▶ [Supplied records]
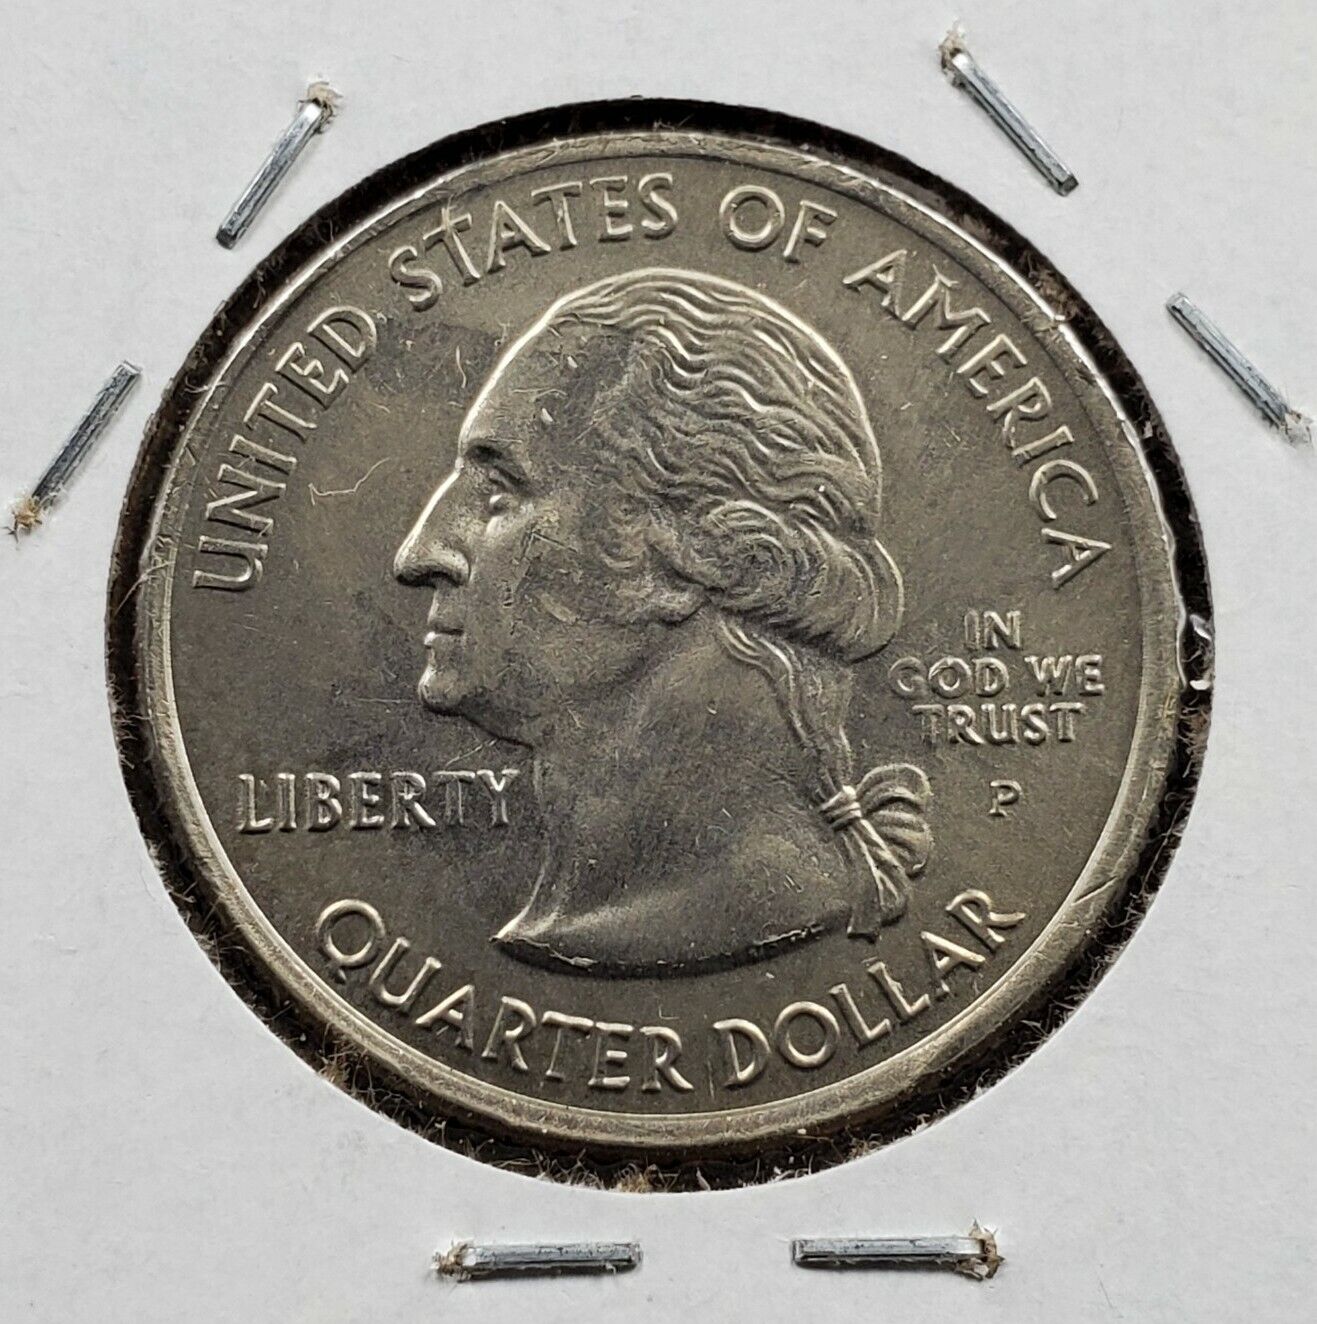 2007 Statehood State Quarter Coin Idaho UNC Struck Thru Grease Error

==

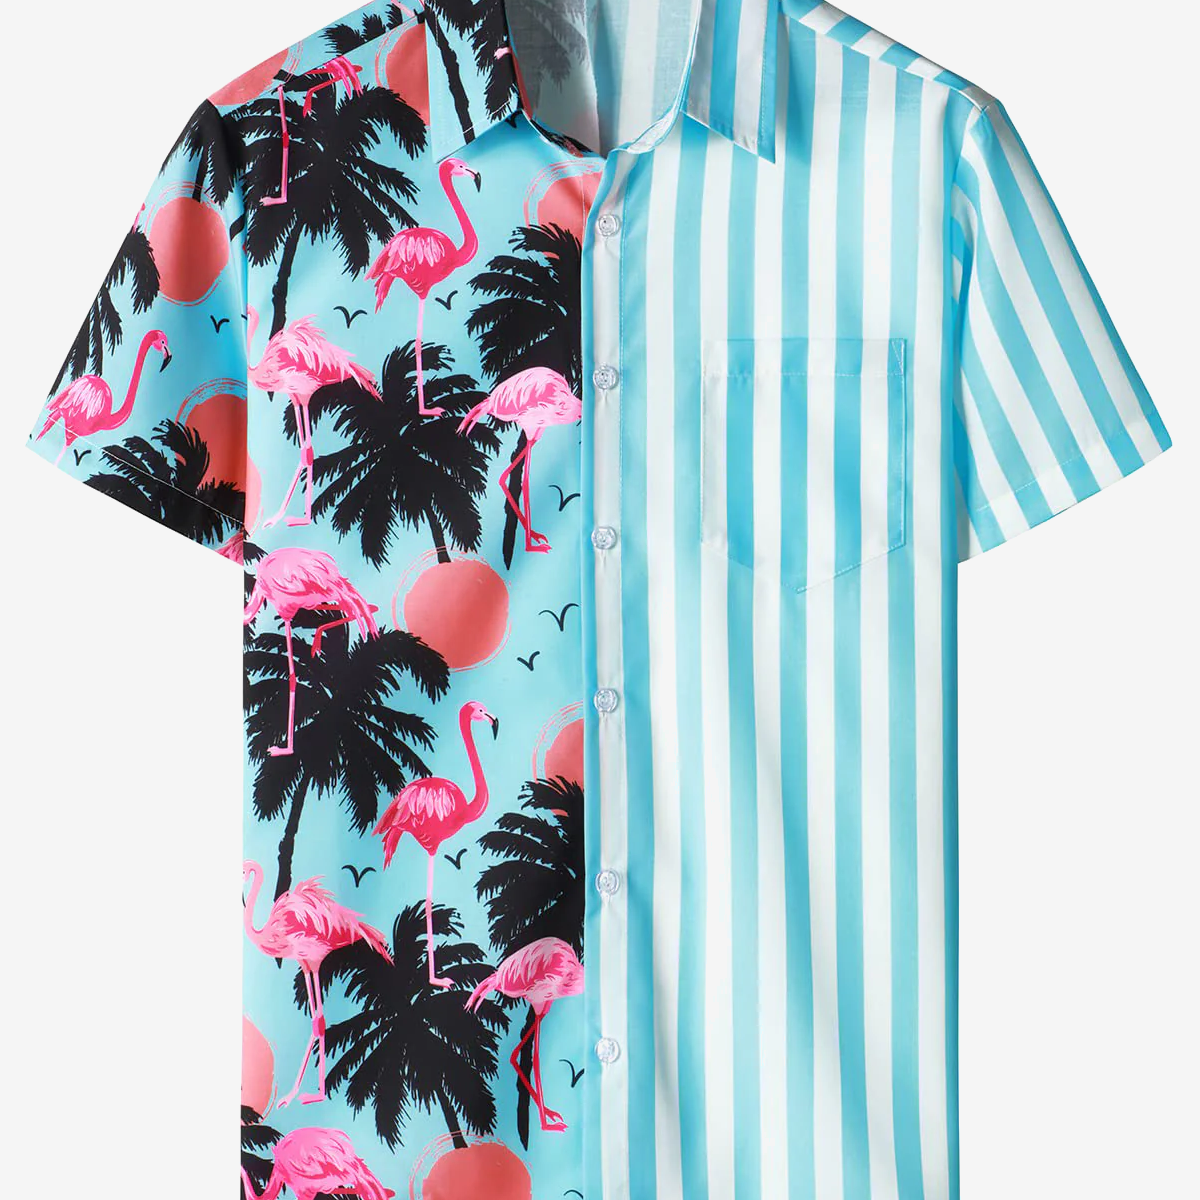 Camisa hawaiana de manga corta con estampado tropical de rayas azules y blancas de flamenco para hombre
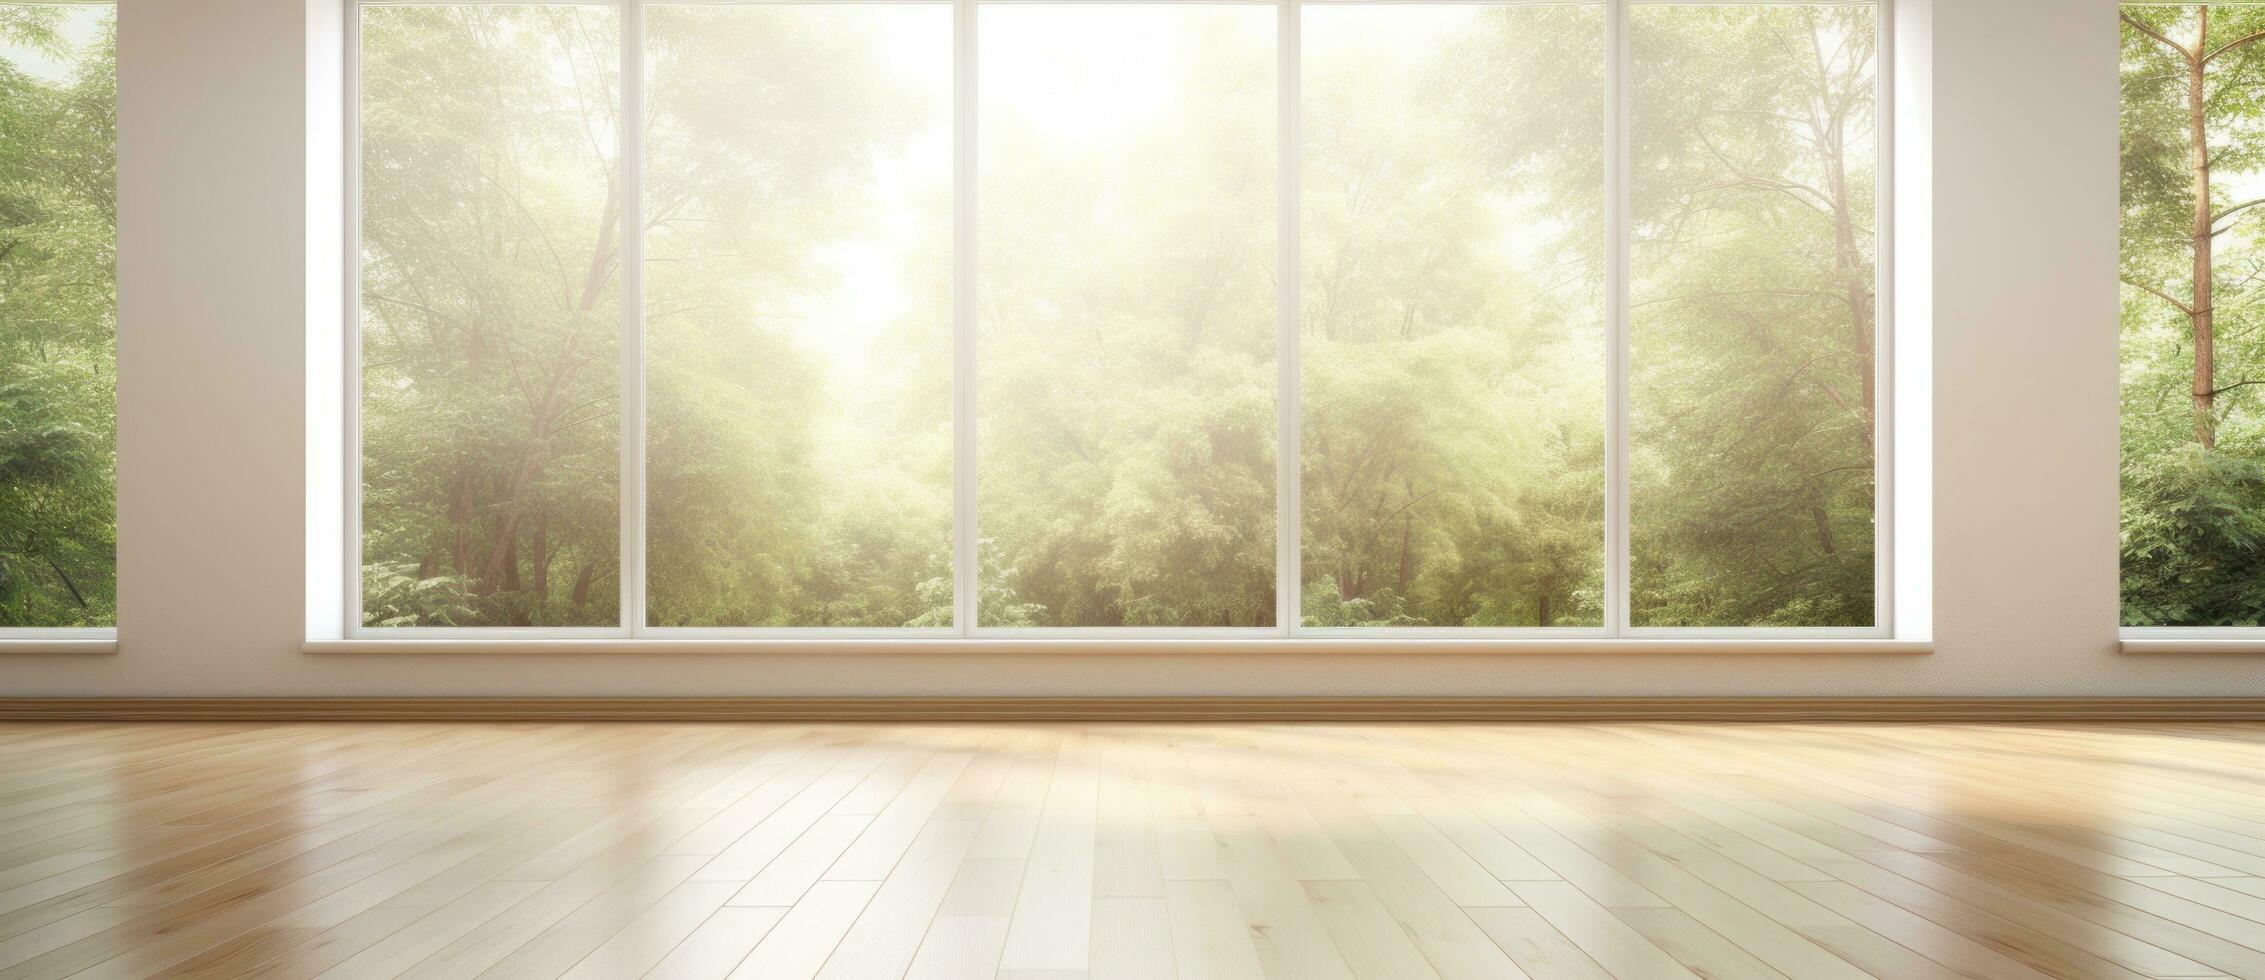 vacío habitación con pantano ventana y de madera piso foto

▶ [Your objective] Please output, exactly as written, the lines above from the one holding "Camisa hawaiana de" through the one holding "vacío habitación con", both included, with the pictures omitted.

▶ [Answer section]
 Camisa hawaiana de manga corta con estampado tropical de rayas azules y blancas de flamenco para hombre
 vacío habitación con pantano ventana y de madera piso foto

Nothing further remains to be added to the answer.